Предыдущая глава |
↓ Содержание ↓
↑ Свернуть ↑
|
Избыточно корпулентная, как почти все сопрано, и самодержавно-властная на вид, пани Серафина Зимовская напомнила мне знаменитую Монсеррат Кабалье. Если можно представить оперную диву, не выпускающую изо рта пахитоску.
— Уж простите старухе, юный человек, эту маленькую вредную слабость, — сказала мне пани Серафина при знакомстве и прикрикнула на внучку, — Ты мне уже все, что хотела, высказала. И не раз. Довольно! — и снова ко мне, — Давайте проверим ваше чувство ритма. Я сейчас постучу по крышке рояля, а вы попробуйте повторить...
О, только не это!
Как мне показалось, пани Серафина согласилась на просьбу внучки обучать меня просто из вредности. Иначе, зачем ей было требовать, чтобы Лана присутствовала на каждом нашем занятии? А приведенные резоны не показались мне убедительными.
— Это же твой друг, неужели тебе неинтересно, как он справляется, какие у него успехи? В общем, не спорь! Жду вас в следующее воскресенье.
Угу, вот только справлялся я хреново. Настолько хреново, что пани Серафину даже захватил азарт: неужели у неё... У НЕЁ! и не получится?! Разумеется, ОНА победила. Я научился различать ноты на слух и на глаз, уметь слышать отдельно каждый инструмент в симфоническом оркестре и позже, наизусть, расписать его партитуру. В этом мне, конечно, помогали и медитативные техники по укреплению памяти, которые я не забросил, ведь они и в универе работали.
Впереди у меня оставалось четыре или пять занятий.
— И на этом, я буду считать, что твою просьбу, Лана, я выполнила в полном объеме, — сказала тогда пани Серафина внучке, в очередной раз закуривая. — Кирил, давайте сюда домашнее задание.
Тщательно пряча коварную ухмылку, я протянул листы не с партией гобоя из оперы "Вид Рима с гор", а "Прощание с Родиной" Михаила Огинского, музыку, больше известную, как "полонез Огинского". (Ага. Композитор — П.И.Чайковский.) И знаменитый траурный марш Фредерика Шопена из третьей части второй сонаты. Тот самый, который: "Ту сто четыре самый лучший самолет..."
Почему-то в этом мире не было ни Огинского, ни Шопена, и мне показалось забавным исправить это упущение. Знал бы я заранее, к чему это приведет!

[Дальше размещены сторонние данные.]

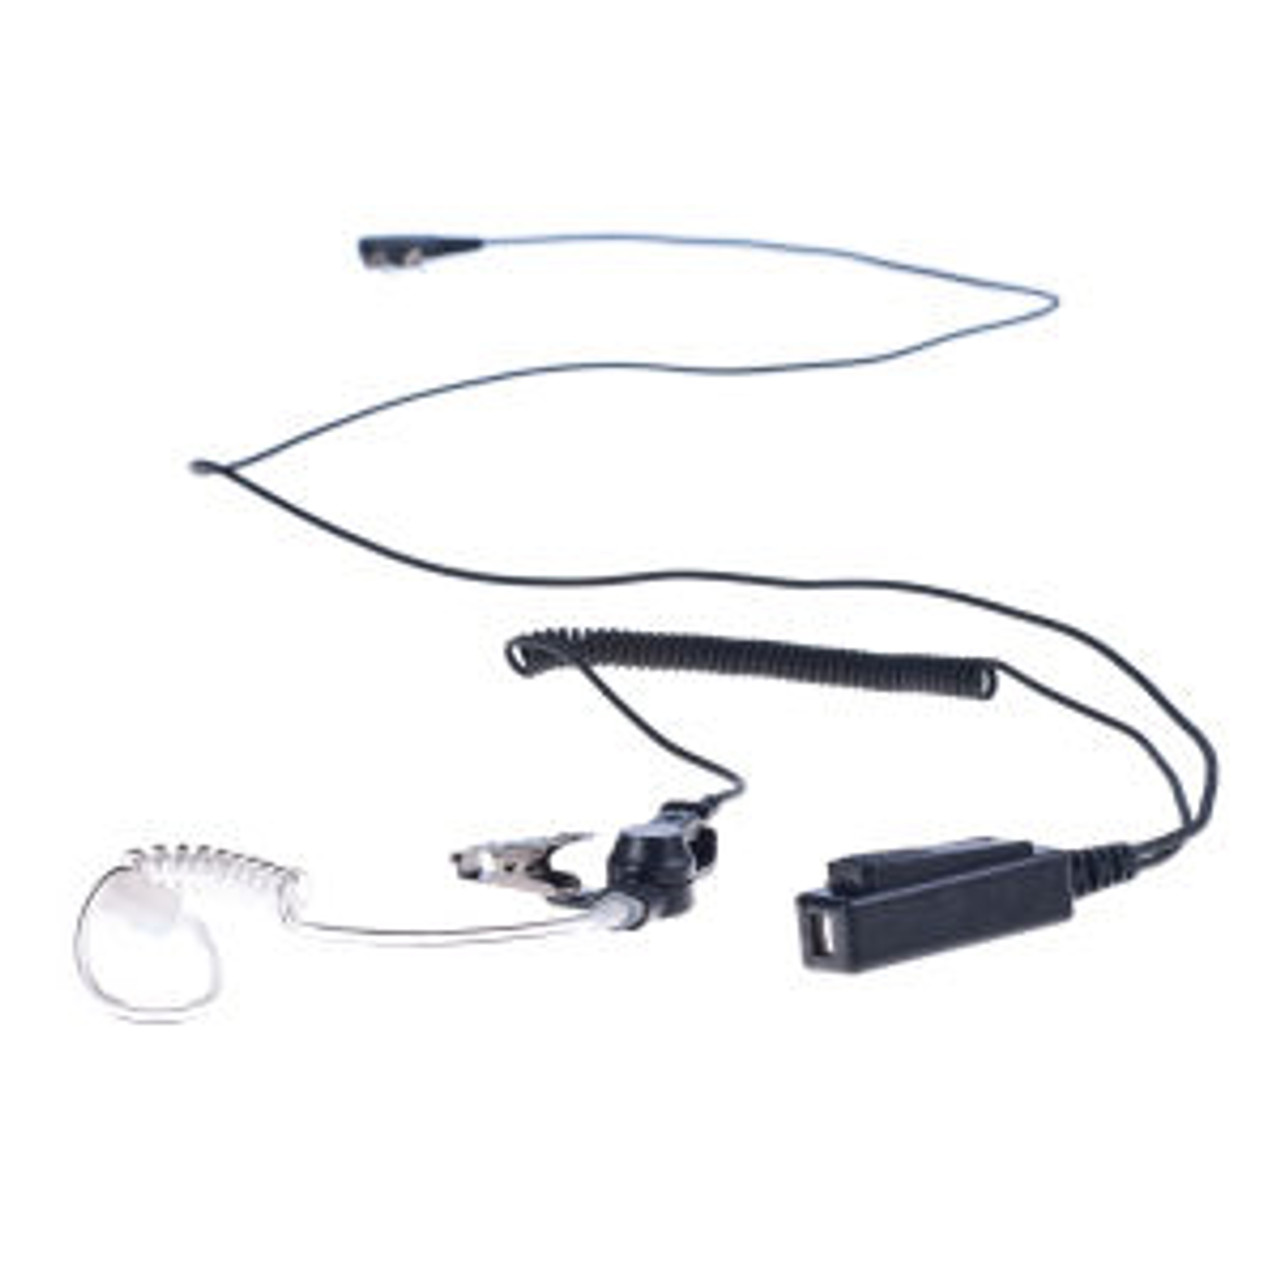 Harris P5350 1-Wire Surveillance Kit

Пани Серафина принялась просматривать ноты с обычной величественной небрежностью, но буквально сразу выражение ее лица начало меняться. Вот она на мгновение оторвалась от партитуры и взглянула на меня удивленно и (впервые на моей памяти) растерянно, хотела что-то спросить, но вернулась к чтению полонеза. Отложила его, раскрыла Шопена. Я заметил, что листы подрагивают в ее пальцах. Пани Серафина попыталась встать, но замерла на середине движения и осторожно опустилась обратно в кресло.
— Лана, — негромко позвала она внучку.
— Что? — не особенно пряча недовольство, отозвалась сидящая на диванчике у стены Мрузецкая.
— Сыграй это, — пани Серафина протянула ей Шопена с Огинским.
С демонстративным вздохом Лана убрала смартфон, подошла.
И только когда Лана, наконец, устроилась за роялем, раскрыла на пюпитре ноты, и наскоро просмотрела первые такты, маска утомленной скуки исчезла с ее лица.
— Это что?! — ошеломленно спросила она бабушку, резко обернувшись.
— Ноты. Музыка. Играй.
— Но откуда?
— Кирил принес. Потом вопросы задавать будешь. Играй! — пани Серафина прикрыла глаза.
Начав немного неуверенно, все-таки с листа исполнять непросто, Лана словно разгоралась. Как сложенный "шалашиком" костер: сначала робкие, синеватые огоньки на щепочках, потом...
— Другую, — потребовала пани Серафина, едва закончился полонез.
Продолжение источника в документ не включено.